EXERCISE AIM:
Your copy of the data should match it exactly, except that the pictures are gone.

RECORDED INFORMATION:

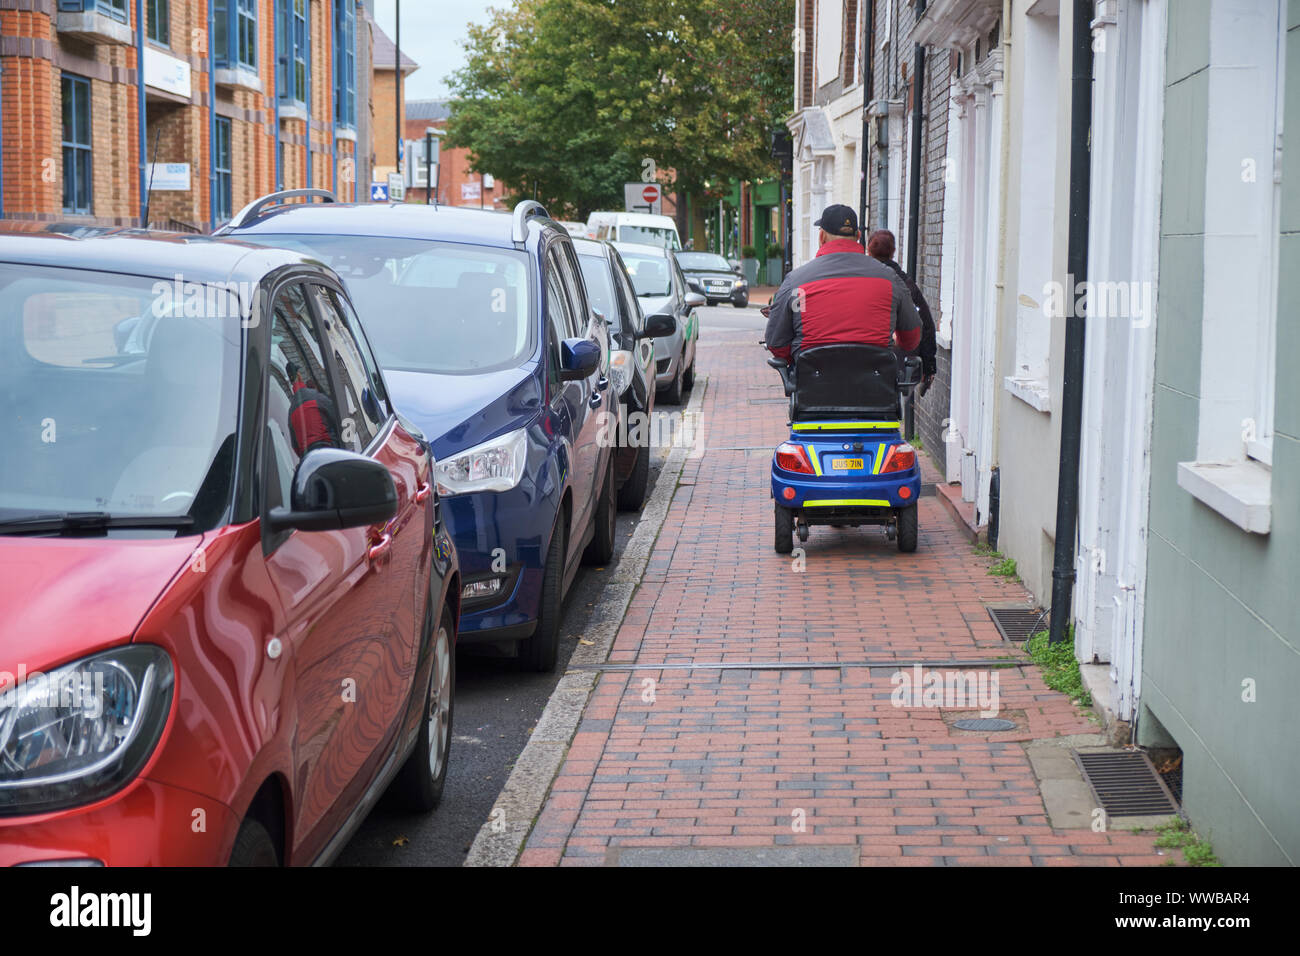 Personne à mobilité réduite scooter électrique sur le trottoir étroit d'être ralenti par un piéton en face. Lewes, Royaume-Uni, Septembre 2019 Banque D'Images
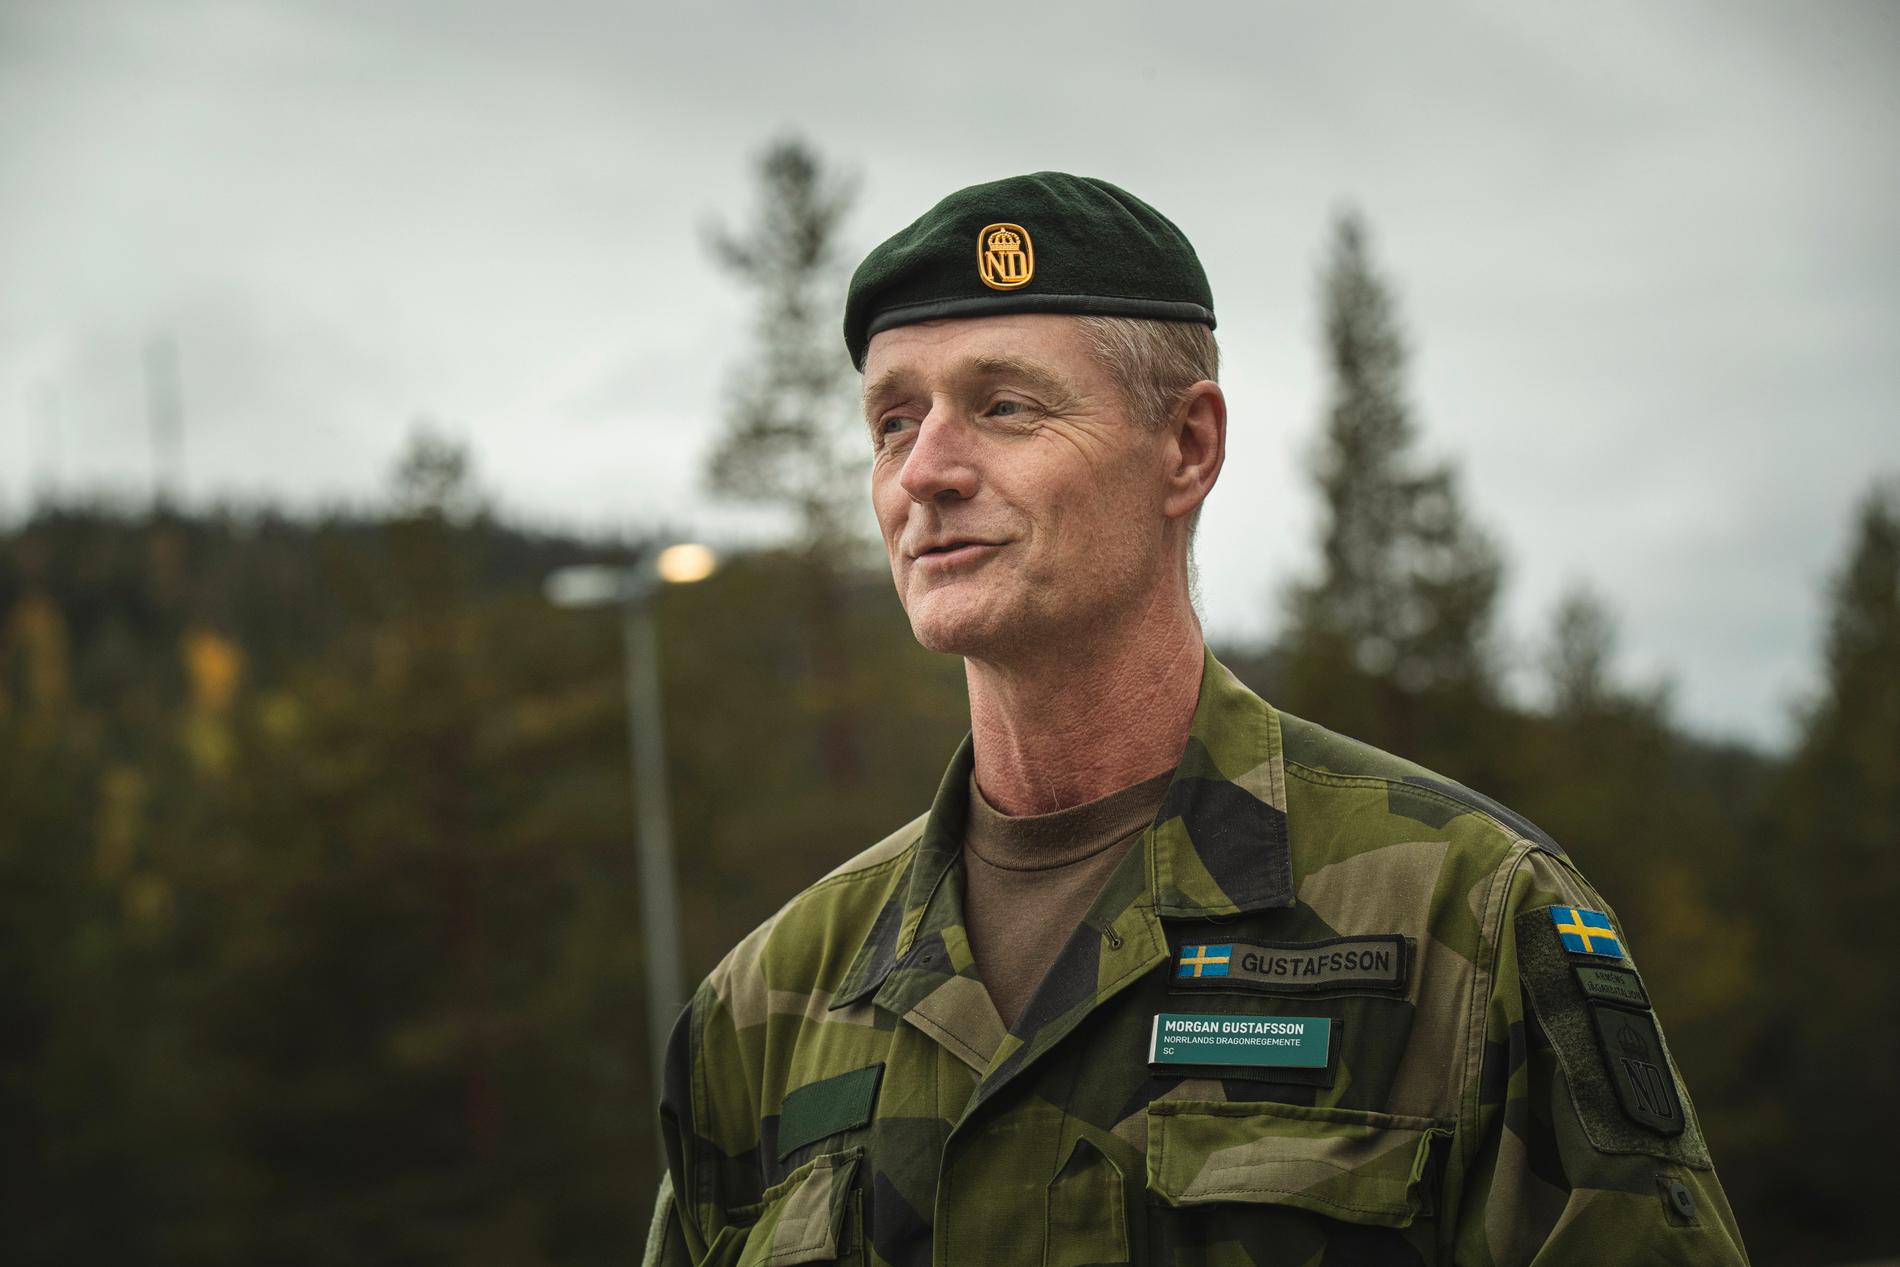 Morgan Gustavsson, stabschef K 4 på Norrlands Dragonregementet.
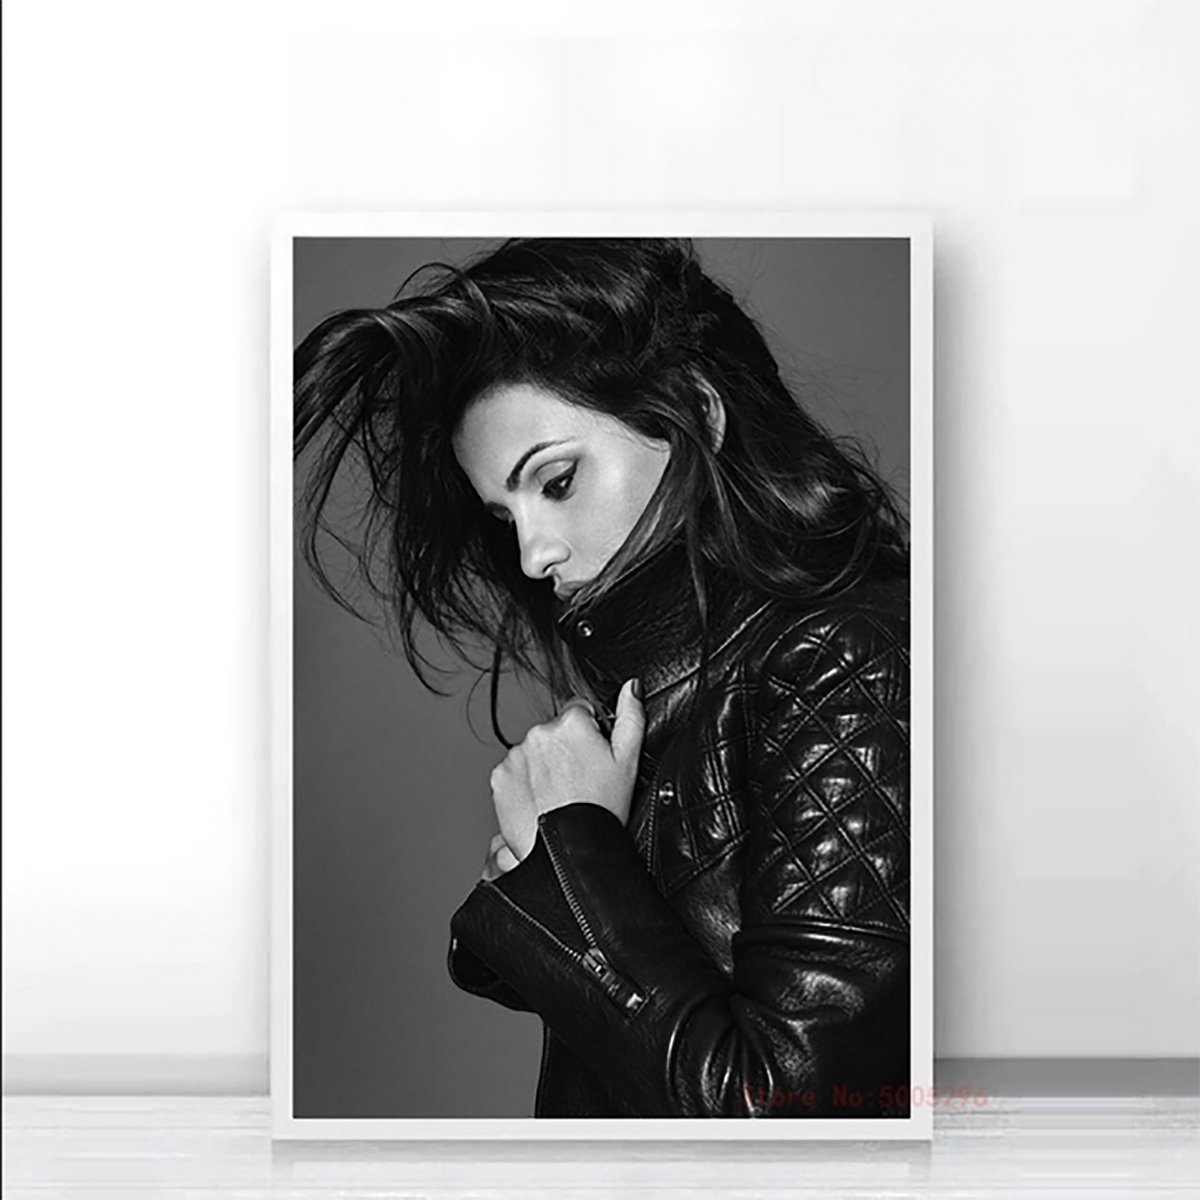 TPFLiving Kunstdruck (OHNE RAHMEN) Poster - Leinwand - Wandbild, Penelope Cruz - Kunstdrucke der spanischen Schauspielerin - (Leinwand Wohnzimmer, Leinwand Bilder, Kunstdruck), Farben: Schwarz, Weiß - Größe 13x18cm

SOLUTION TO THE PROBLEM:
 Personne à mobilité réduite scooter électrique sur le trottoir étroit d'être ralenti par un piéton en face. Lewes, Royaume-Uni, Septembre 2019 Banque D'Images
 Morgan Gustavsson, stabschef K 4 på Norrlands Dragonregementet.
 TPFLiving Kunstdruck (OHNE RAHMEN) Poster - Leinwand - Wandbild, Penelope Cruz - Kunstdrucke der spanischen Schauspielerin - (Leinwand Wohnzimmer, Leinwand Bilder, Kunstdruck), Farben: Schwarz, Weiß - Größe 13x18cm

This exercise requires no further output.